Zcash has patched a major vulnerability that would have allowed bad actors to drain funds from the protocol’s deprecated Sprout shielded pool.
Summary
- Zcash patched a critical flaw in zcashd nodes that skipped proof verification in the legacy Sprout pool, a bug that could have exposed more than 25,000 ZEC to potential draining.
- The vulnerability remained present from July 2020 until the release of v6.12.0, with no exploitation detected and all user funds confirmed safe.
A disclosure report from security researcher Alex “Scalar” Sol, published on Tuesday, claims that a critical flaw was discovered in zcashd nodes that resulted in skipping proof verification for transactions involving the legacy Sprout pool.
Zcash’s Sprout pool is the original “shielded pool” that launched with the network in 2016. It was the first implementation of zero-knowledge proofs (zk-SNARKs) in a production cryptocurrency, allowing users to send and receive ZEC privately.
Although the pool was closed to new deposits in November 2020, it still holds approximately 25,424 ZEC, which are yet to be migrated to newer shielded pool versions.
According to the disclosure, the vulnerability spanned releases from July 2020 onward but was fixed through v6.12.0, which was released on Tuesday.

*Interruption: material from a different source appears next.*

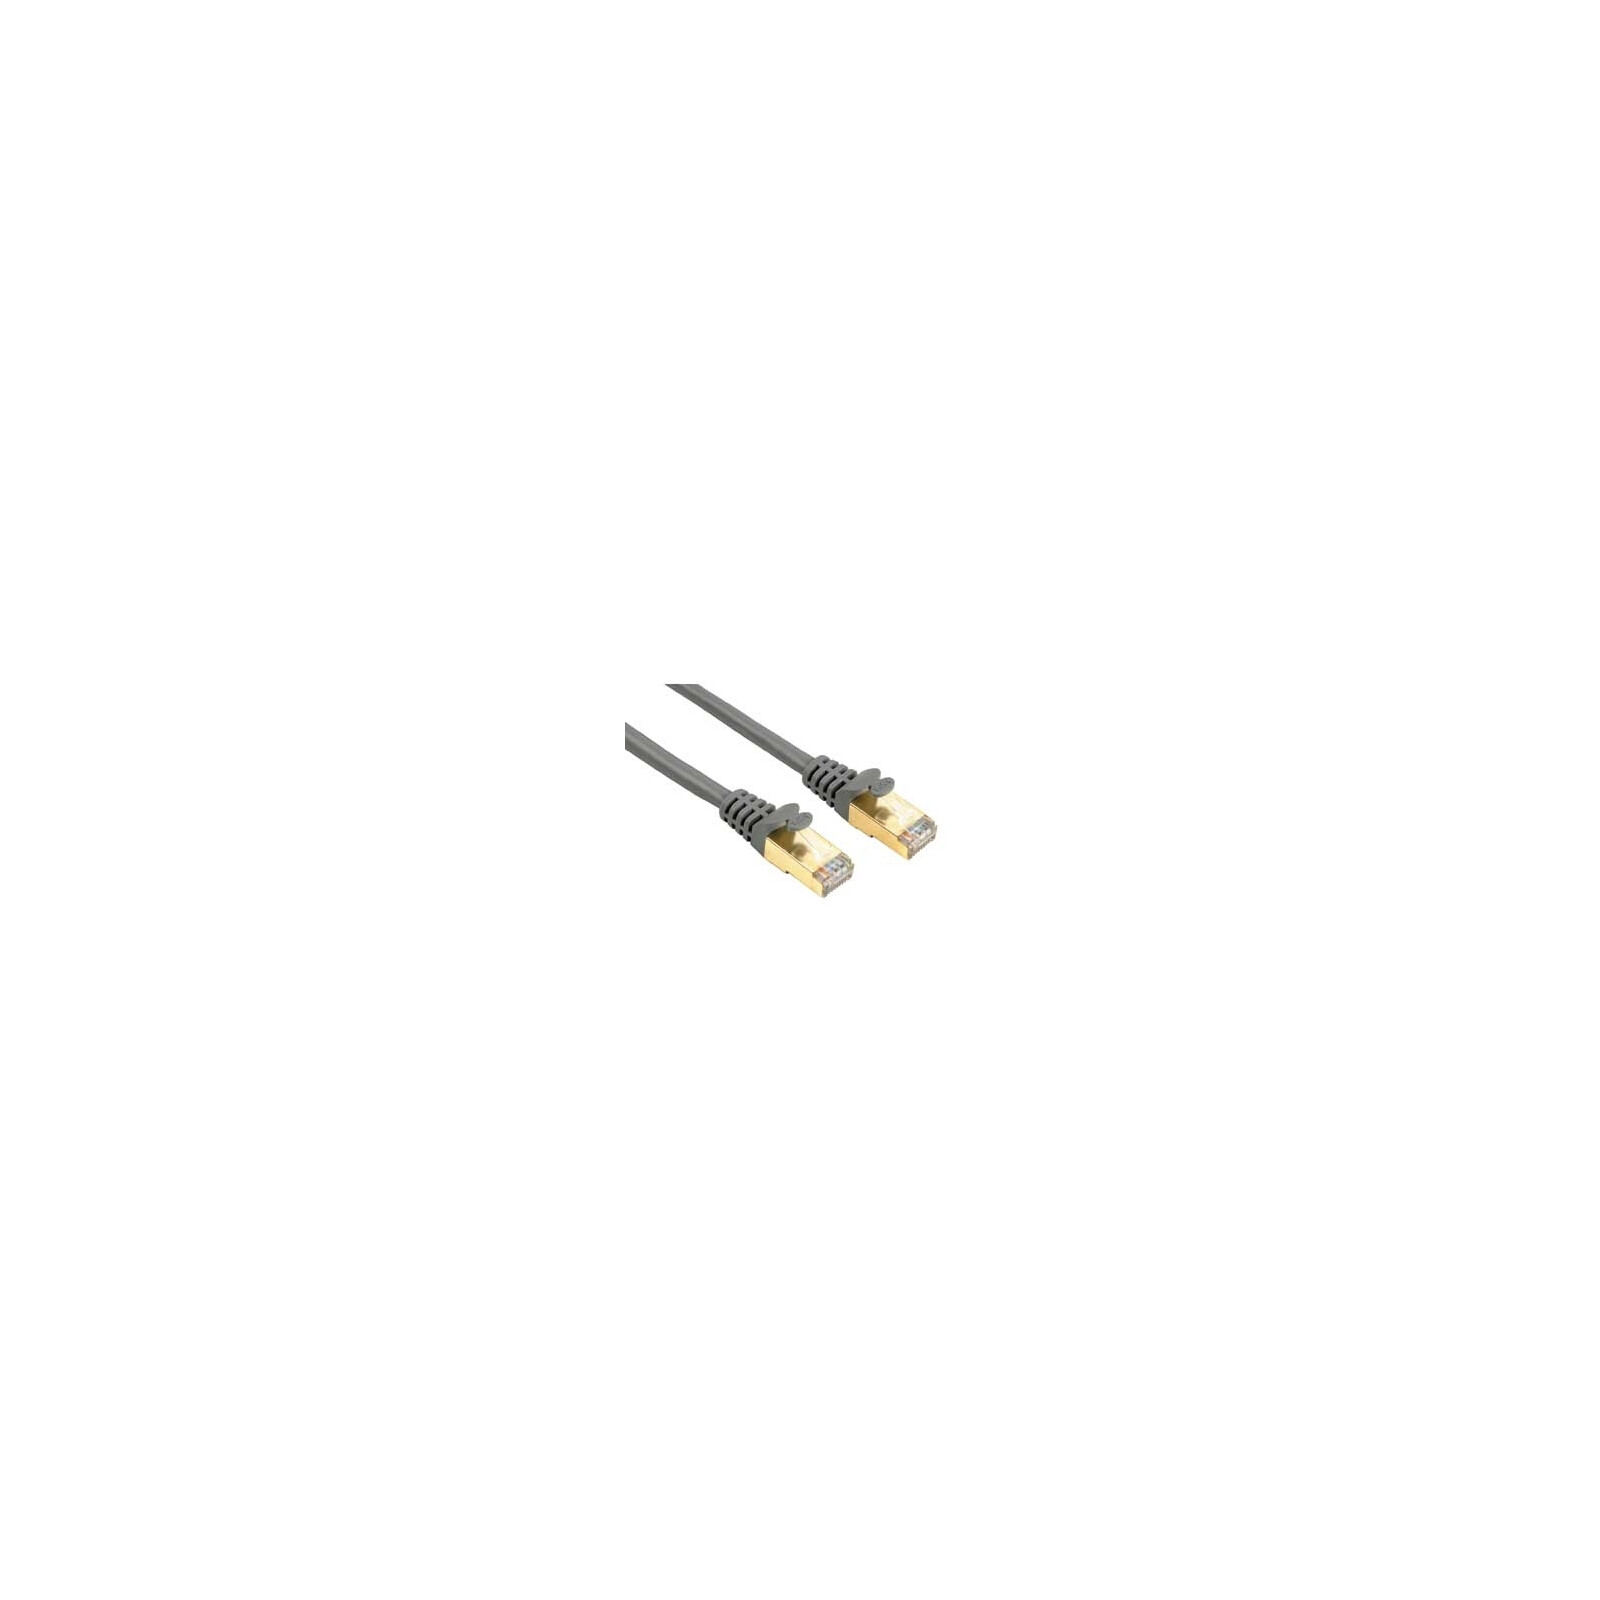 Hama 41895 CAT-5e-Netzwerkkabel STP, vergoldet, geschirmt, G

So far, the flaw has not been exploited, and user funds remain safe.
Major mining pools, including Luxor, F2Pool, ViaBTC, and AntPool, have already deployed the fix by March 26, the report added.
The report added that the Zebra full node implementation was not affected. In the event of an attempted exploit, it would have resulted in a chain fork, acting as an additional safeguard.

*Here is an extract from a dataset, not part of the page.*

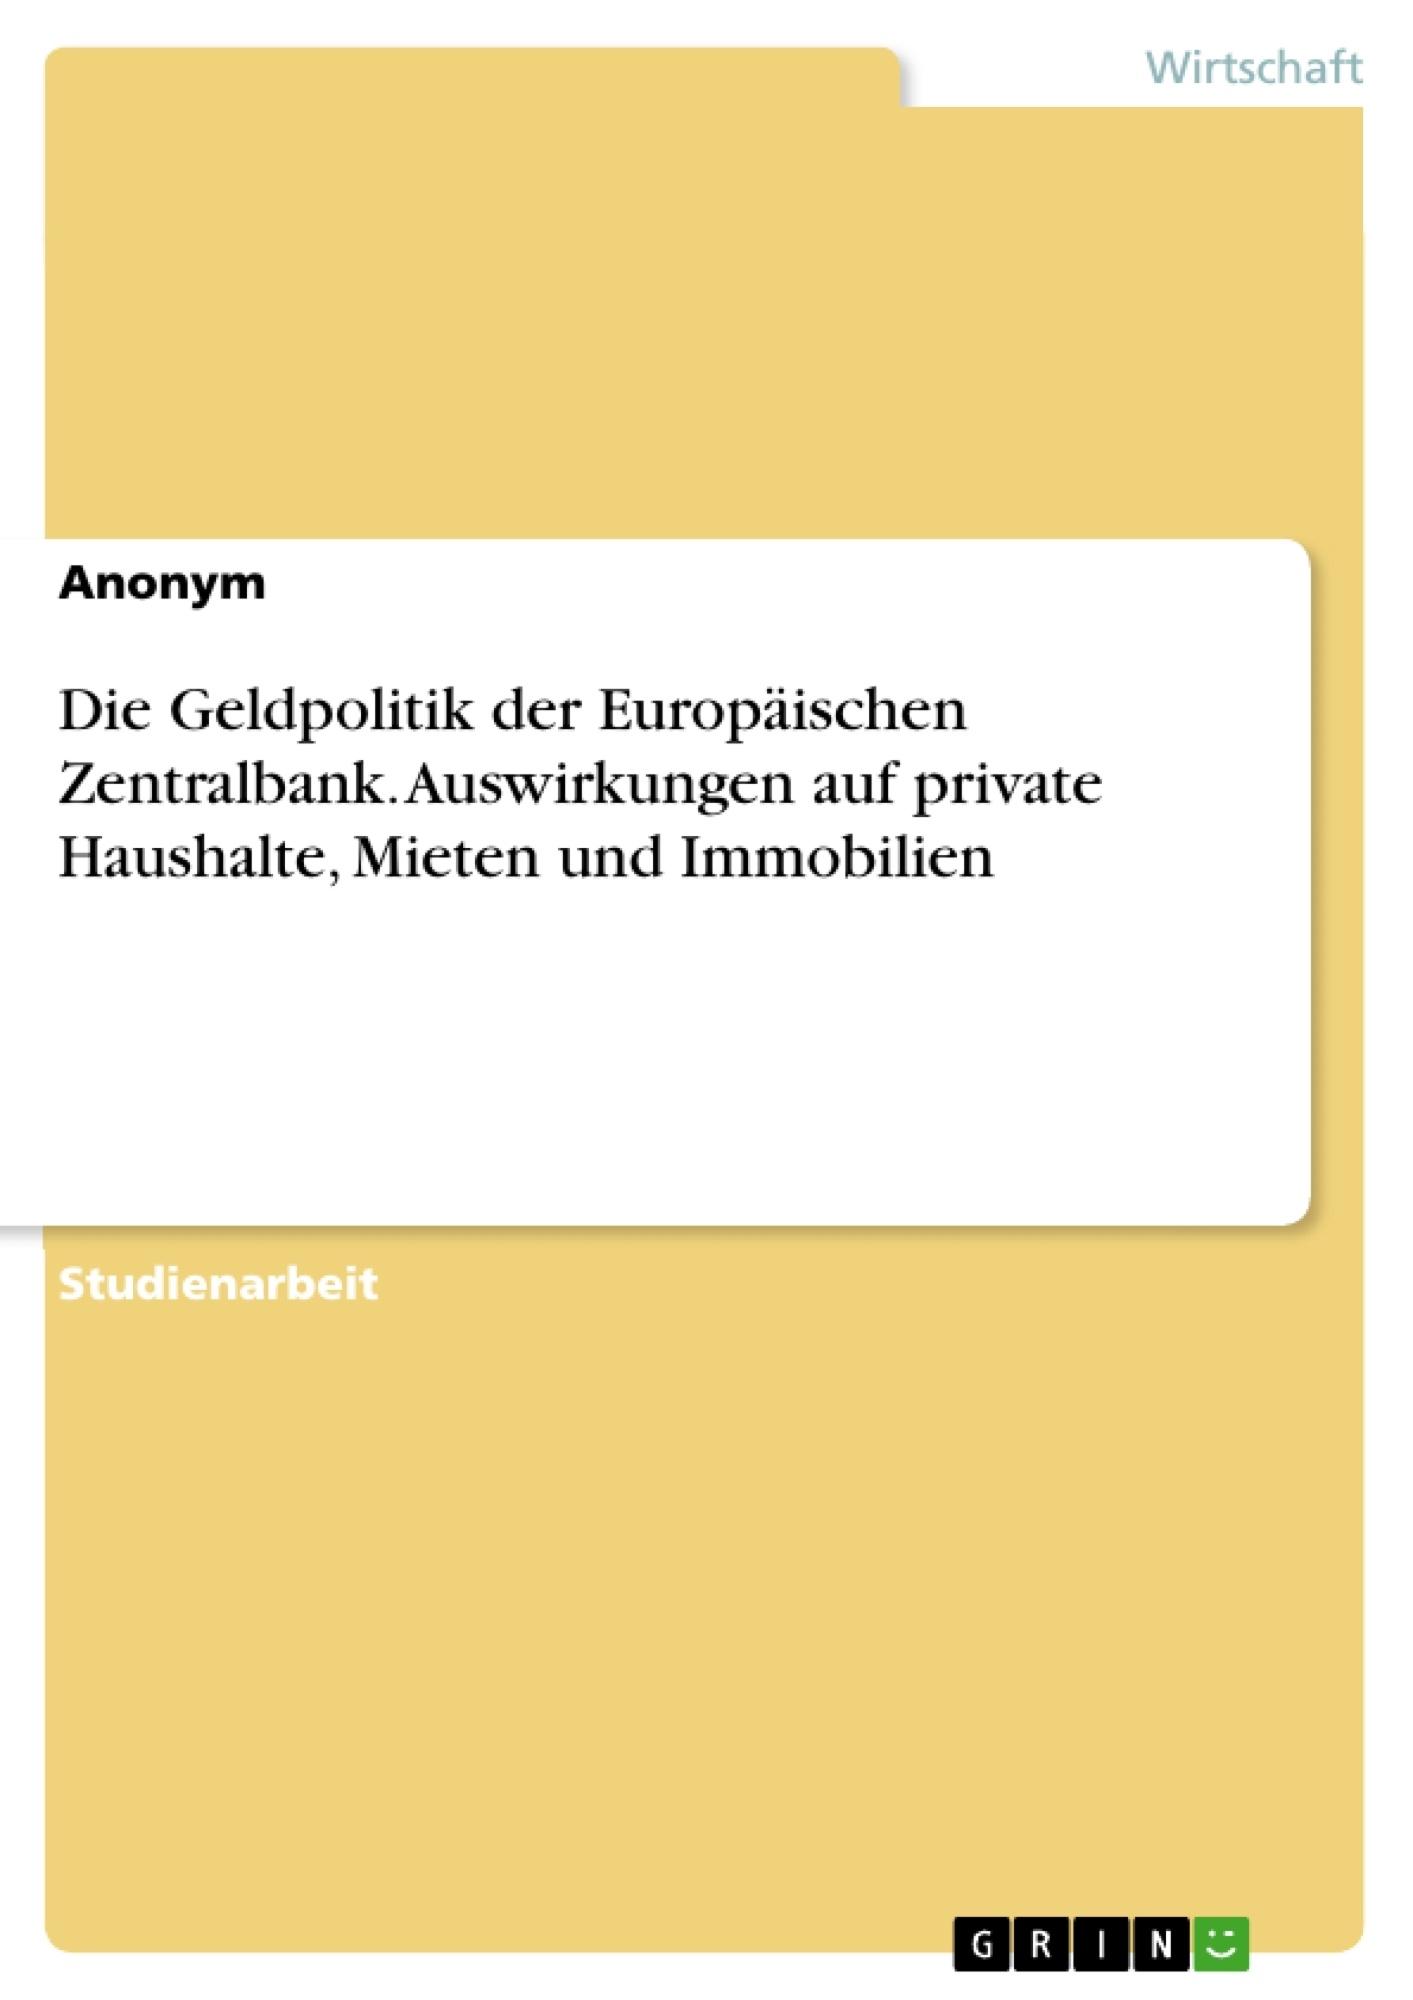 Titel: Die Geldpolitik der Europäischen Zentralbank. Auswirkungen auf private Haushalte, Mieten und Immobilien

Despite the severity of the issue, the Zcash Open Development Team has clarified that the network’s “turnstile” mechanism, which enforces that any coins exiting the Sprout pool must have previously entered it, would have prevented broader supply inflation.
For the Zcash network, this marks the second time a critical, systemic vulnerability has been uncovered within its shielded pools. In 2019, the Zcash team disclosed a “counterfeiting” bug, a flaw in the underlying cryptography that could have allowed an attacker to create an infinite amount of ZEC without detection.